## EXERCISE PROMPT
Check every line of the data below for the word "crystals", then give only the number of lines that have it.

*** PROVIDED MATERIAL ***

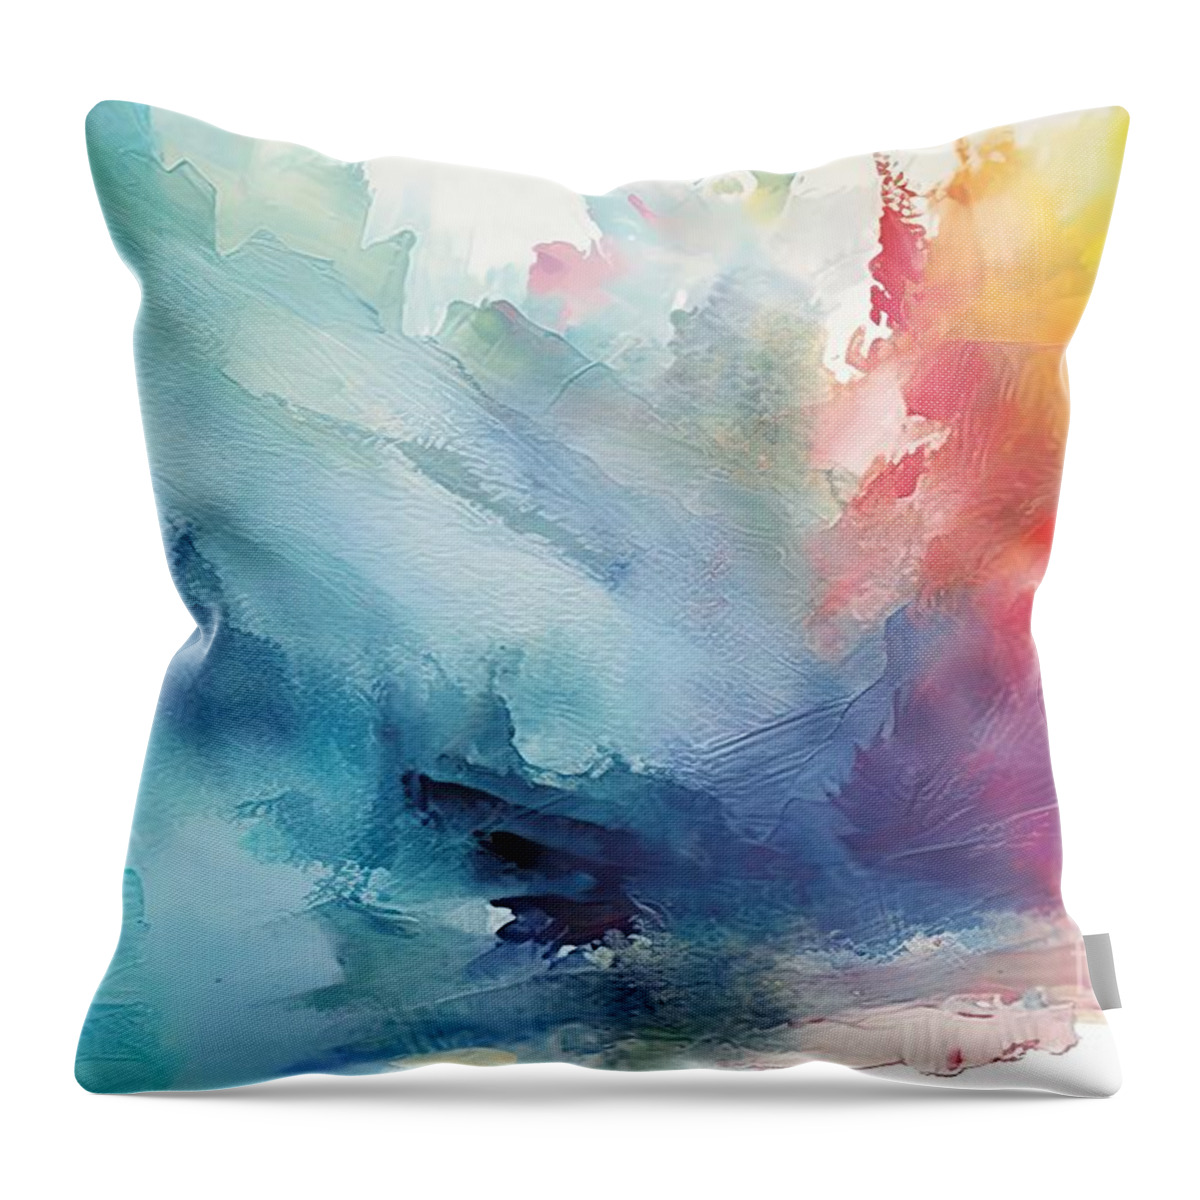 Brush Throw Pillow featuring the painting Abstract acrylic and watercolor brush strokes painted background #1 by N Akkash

***
*** PROVIDED MATERIAL ***

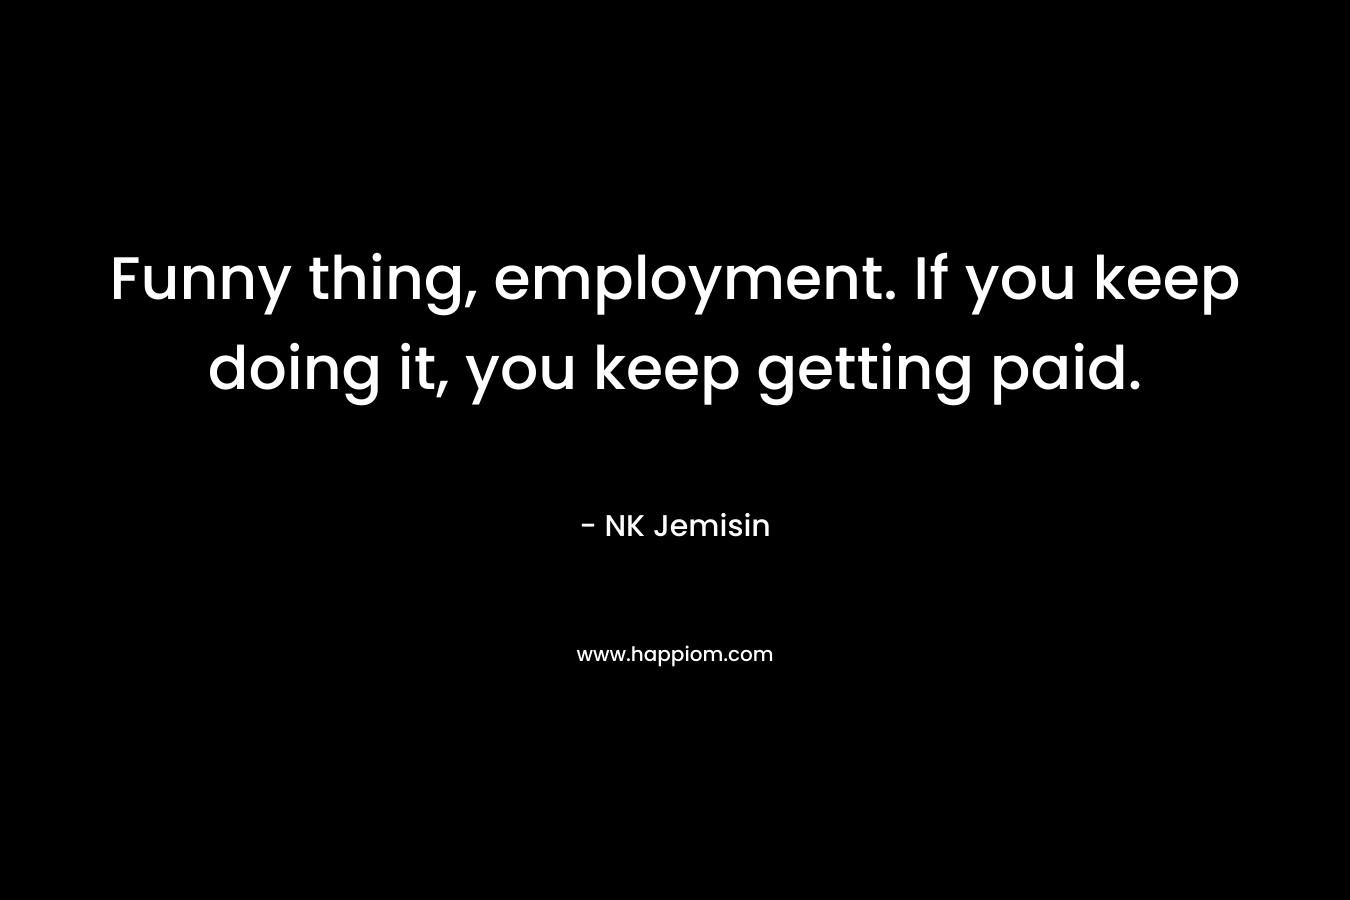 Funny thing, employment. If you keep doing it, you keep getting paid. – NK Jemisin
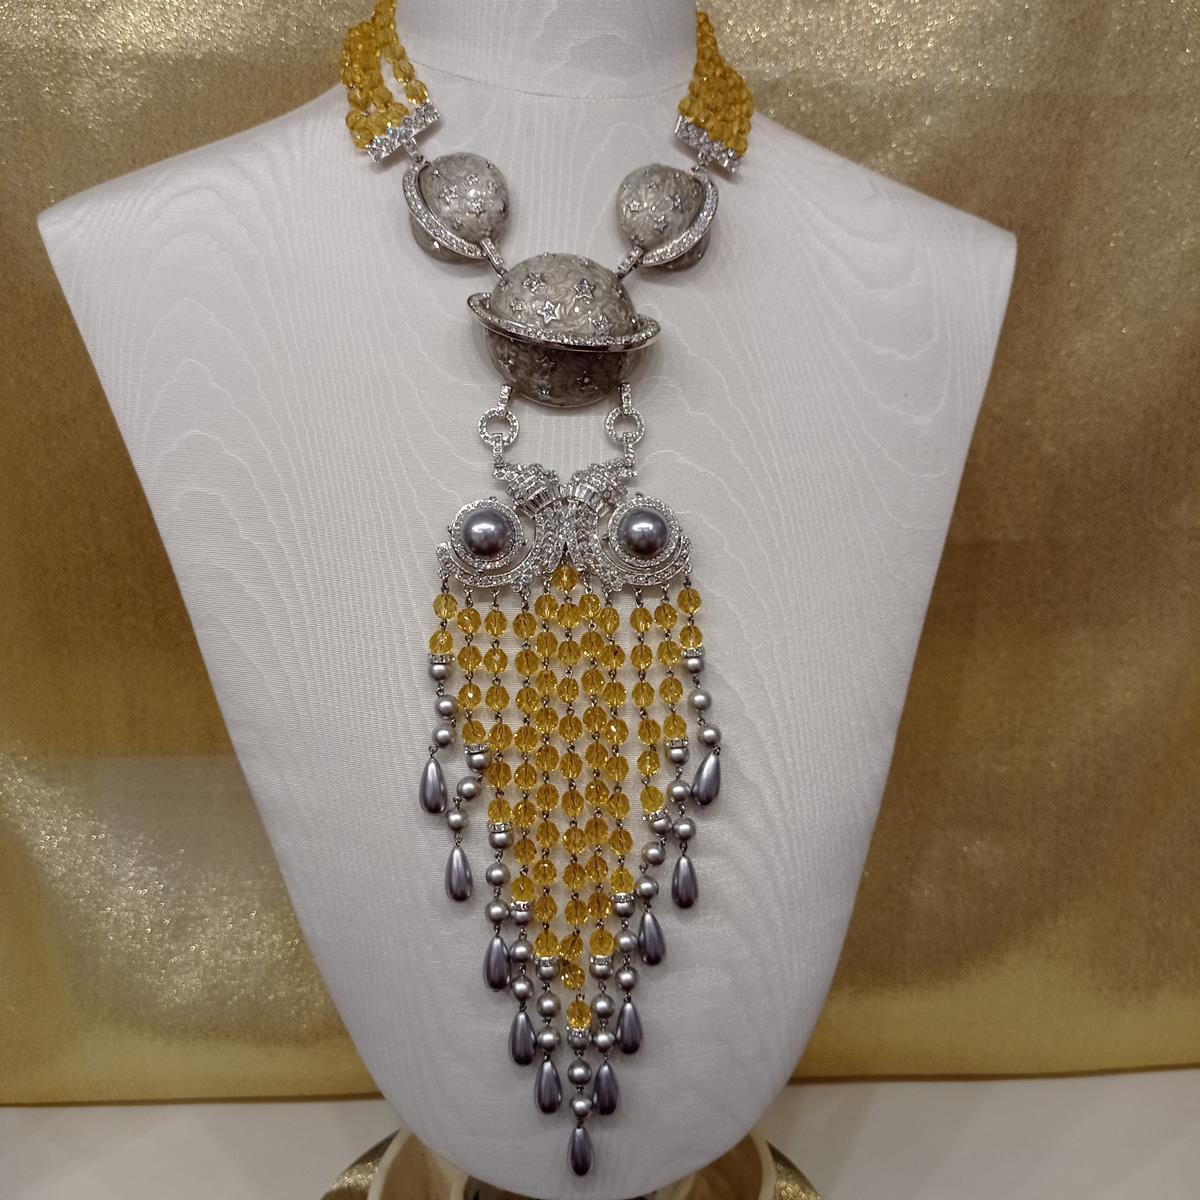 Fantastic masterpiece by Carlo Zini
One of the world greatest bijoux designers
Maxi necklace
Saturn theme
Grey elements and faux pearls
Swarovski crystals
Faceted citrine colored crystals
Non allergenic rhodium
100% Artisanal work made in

***
*** PROVIDED MATERIAL ***

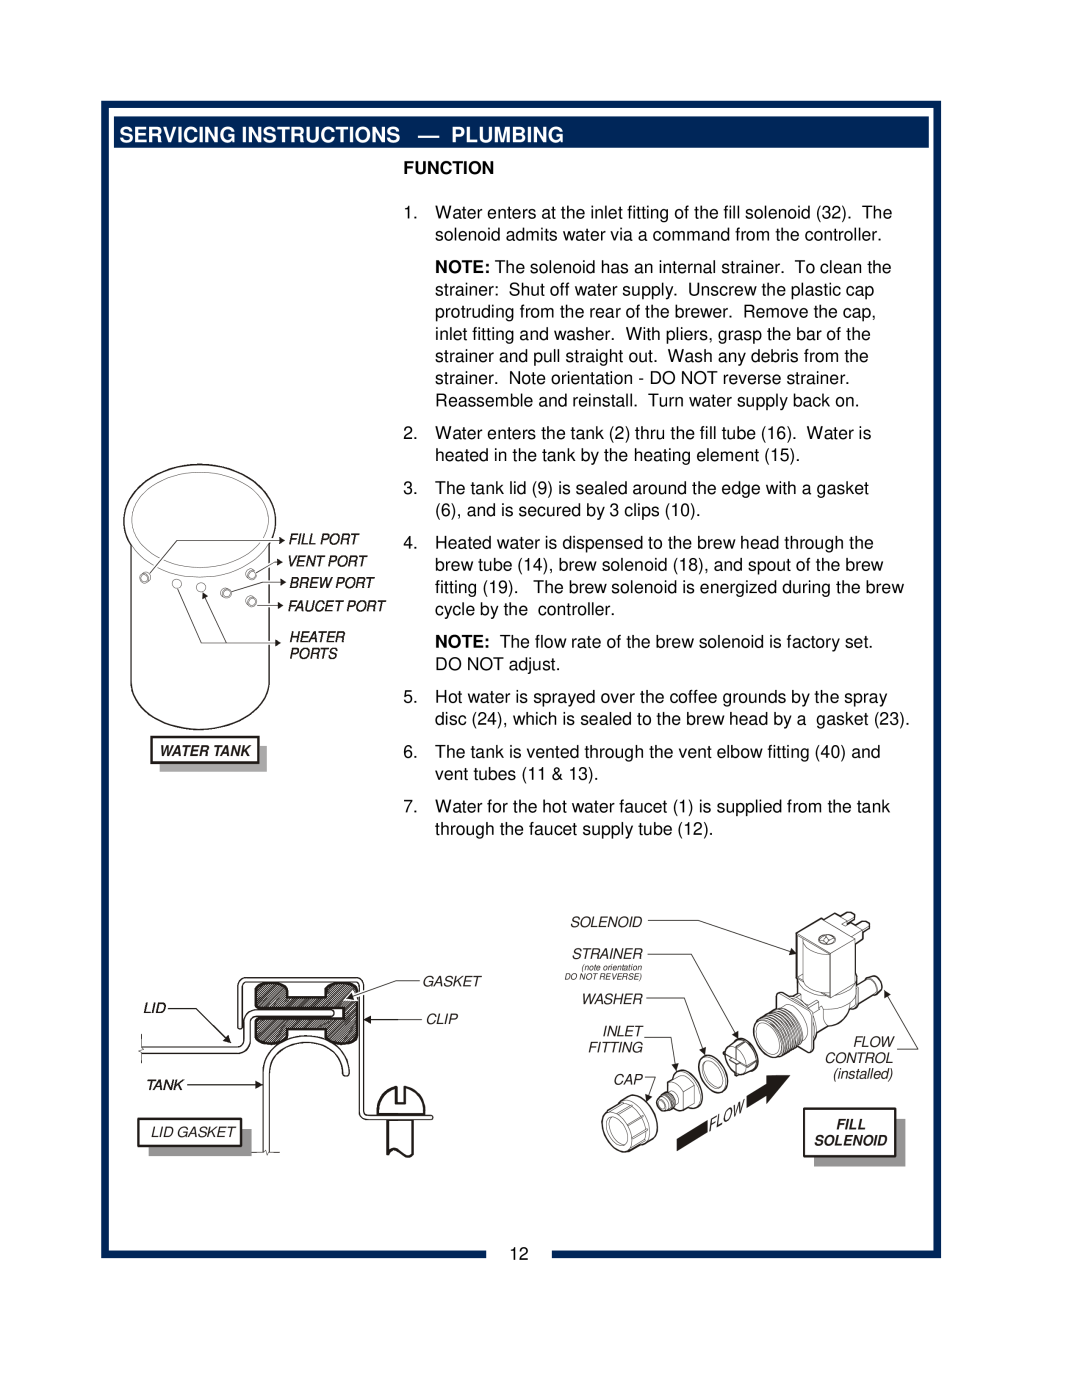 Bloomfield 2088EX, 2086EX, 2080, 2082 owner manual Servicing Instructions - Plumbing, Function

***

## WRITTEN ANSWER
2